Cleaning itself has been given a makeover, thanks in huge part to Sophie Hinchcliffe. Known in the media as Mrs Hinch, her passion for cleaning has resulted in shortages of the cleaning products she champions to her 600,000 strong army of fans known as Hinchers who can’t get enough of her Instagram images of gleaming floors, shiny surfaces and streak-free windows.
Written by Lisa Proffitt | 28th February 2020
Tips for chemical free cleaning and natural cleaning recipes
Along with having a clean home, caring for the environment is crucial too, so can we reach this level of godlike cleanliness without splashing out on chemical heavy cleaning products that wind up in our water supply? Encouragingly, not only is it entirely possible, but using natural cleaning recipes will also save you a fortune. Read on for our top ten chemical free cleaning tips:
- Lemons and lemon juice are the sustainable cleaner’s best friends. Cut up a lemon (reserve a few slices for a G&T later), add them to a small microwavable bowl of water, and zap for five minutes on full power. Afterwards a quick wipe down with a cloth will remove all traces of grease and grime from your microwave.

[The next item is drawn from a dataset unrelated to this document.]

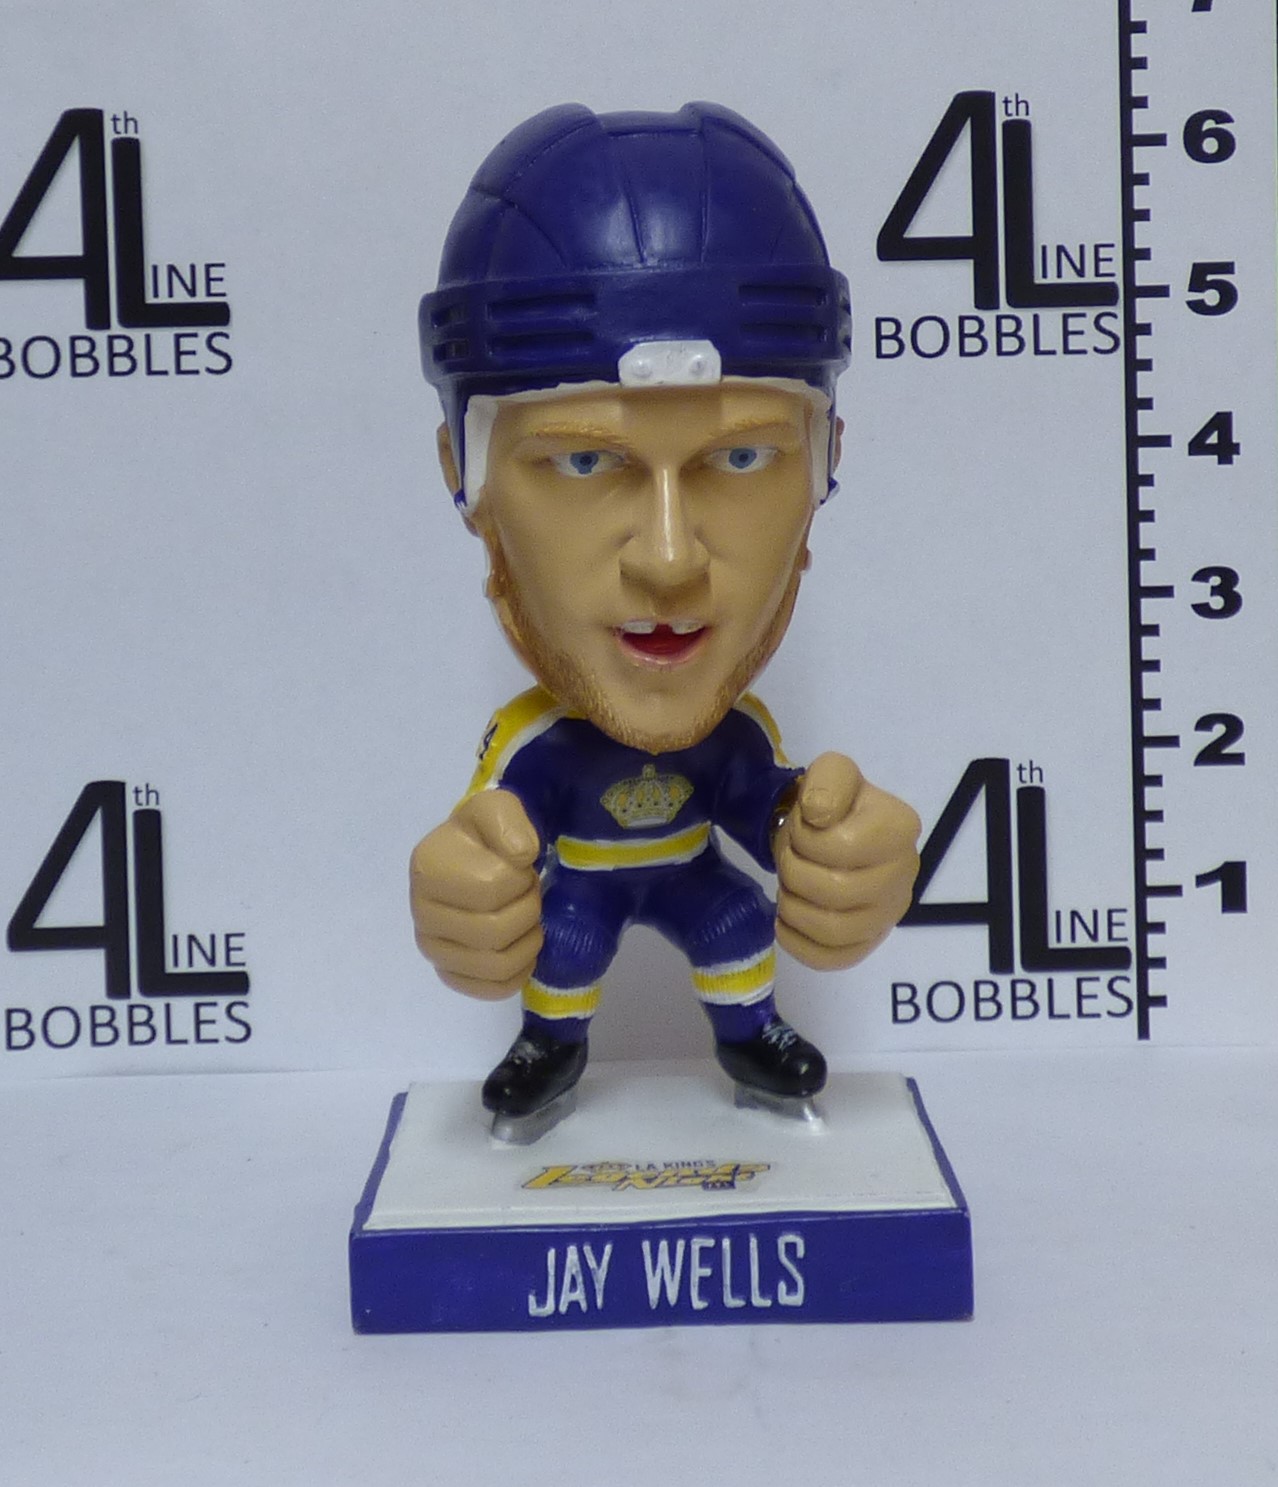 Jay Wells bobblehead

- To deep clean a wooden chopping board, sprinkle it with salt, then rub it with a squeezed half of lemon. This chemical-free cleaning method will shift any residues and buff up the wood beautifully.
- Hard water is a kettle killer. For a home-made descaling solution buy a bottle of lemon juice from the supermarket, tip it into the kettle, top up with water and after twenty minutes boil the kettle. After a thorough rinse the limescale will have dissolved and your kettle will be as good as new.
- Grimy looking grout in the bathroom is never attractive. Even a build-up of shampoo can turn grouting an unappealing shade of yellow. For chemical-free cleaning, use a toothbrush, preferably an old electric one, and brush the grout with warm water and a whitening toothpaste. Very discoloured grout might need a further treatment of a thick paste of bicarbonate of soda mixed with white wine vinegar. Apply it to the stained areas with the toothbrush, leave it to work its magic for 15 minutes and then rinse off for grout as good as new.
- Tea bags have joined lemons in the low cost, chemical-free cleaning kit arsenal. For super shiny windows or mirrors, steep one black teabag in a mug of boiling water. When the tea is cold, pour it into a spray bottle and spritz your window, mirror or microwave. Buff dry with a clean soft cloth, or a sheet of newspaper for a streak-free shine.
- For chemical-free limescale removal on metal taps a 2p coin is a magic bullet. Run it under the tap and then use it to gently scratch the limescale away.
- Baking soda is a great, cost-effective natural alternative to chemical-laden sprays and polishes and can be used in all sorts of ways around the house. Mix with vinegar for a chemical-free way to unblock your sink; add a cup full to a bucket of warm water for clean and sparkling floors and sprinkle some straight onto sinks before wiping clean with a damp cloth. You’ll also be freeing up valuable storage space when you’re no longer stockpiling different sprays for every job/room in the house.
- If you suffer with ant infestations in the summer, mix equal parts of salt and baking soda and sprinkle the mixture wherever you see them trooping in. Aside from the environmental impact of using chemicals, if you have small children or pets running around, you’ll need an alternative to toxic pest repellents.
- On a brighter note, baking soda can even keep flowers fresher for longer. Just add a teaspoon of the powder to the water in your vase for a natural plant food.
- There are plenty of environmentally-friendly laundry brands out there from Ecoeggs to Ecover and to minimise the amount of any detergent you use, add a tablespoon of soda crystals to every wash. Not only does it soften the water and help to make your clothes fresher and softer, but it also protects the machine from limescale, helping it last longer. Good news for the planet and your wallet.